Enhanced Resource Usage Tracking in Oracle Autonomous Database on Dedicated Exadata Infrastructure and Cloud@Customer

October 11, 2023 | 8 minute read
Ranganath Srirangapatna Ramachandra
Principal Product Manager
Text Size 100%:

In the world of data-driven enterprises, Oracle Autonomous Database on Dedicated Exadata Infrastructure and Cloud@Customer (ADB-D and ADB-CC) has established itself as a game-changer, offering a fully automated service that simplifies the development and deployment of application workloads. While it provides users with a user-friendly experience and advanced features like compute auto-scaling, RAC, and Autonomous Data Guard, there's a critical aspect that operates behind the scenes: automated resource management.

This complex mechanism often remains hidden from users, sometimes leading to a sub-optimal understanding of how some of the features work or how the Exadata resources are utilized. In response to this, ADB-D is introducing Enhanced Resource Usage Tracking. This feature enables customers to gain granular insights into resource consumption, empowering them to optimize capacity utilization effectively.
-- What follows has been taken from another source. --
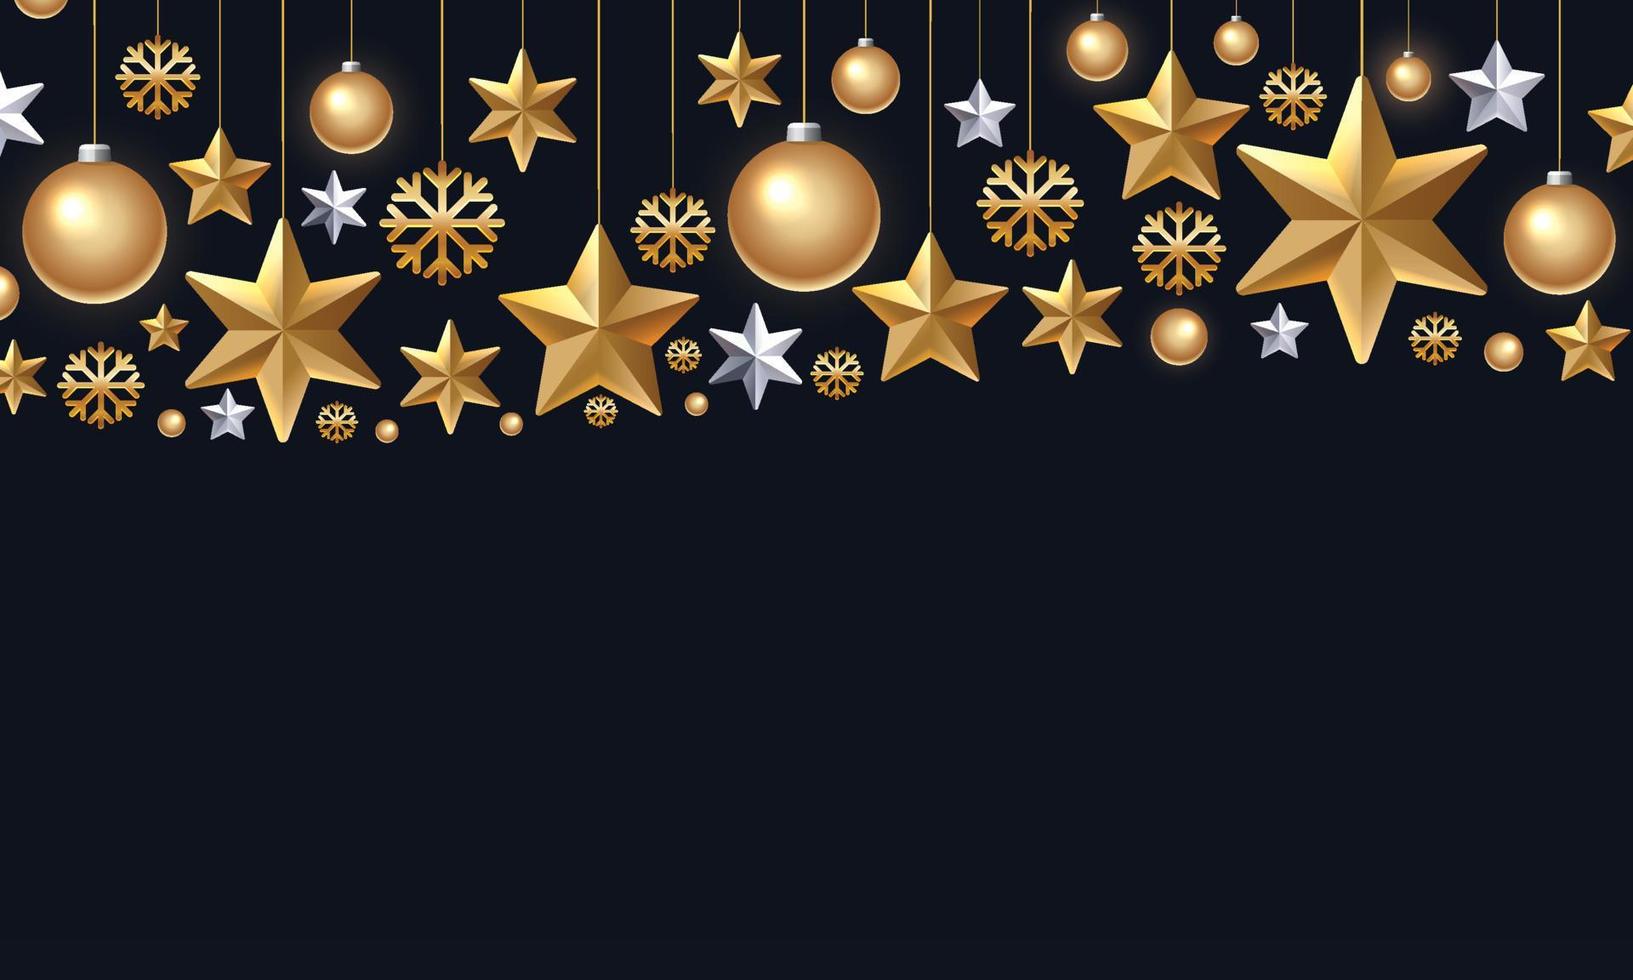 flocons de neige dorés scintillants, boules de noël et étoiles sur fond noir. Vector illustration 3d d'ornement de Noël suspendu brillant. modèle de couverture ou de bannière du nouvel an. décoration de vacances d'hiver.

Understanding the Resources

Before going deeper into how Enhanced Resource Usage Tracking improves capacity planning, let's get acquainted with the critical resources within an Autonomous Exadata VM Cluster:

  • CPU Count per VM or Node: This denotes the CPUs allocated to the cluster.
  • Maximum Number of Autonomous Container Databases: This influences the local storage reservation and dictates how many Autonomous Container Databases you can create in the cluster.
  • Database Memory per CPU (GB): The memory allocated per CPU within the cluster.
  • Database Storage (TB): The data storage allocated for Autonomous Databases within the cluster.

Memory is always allocated in relation to CPU, so in this blog we’ll focus on enhanced usage tracking for CPU, Number of Autonomous Container Databases and Database Storage. Let's dive into these key aspects and their enhancements.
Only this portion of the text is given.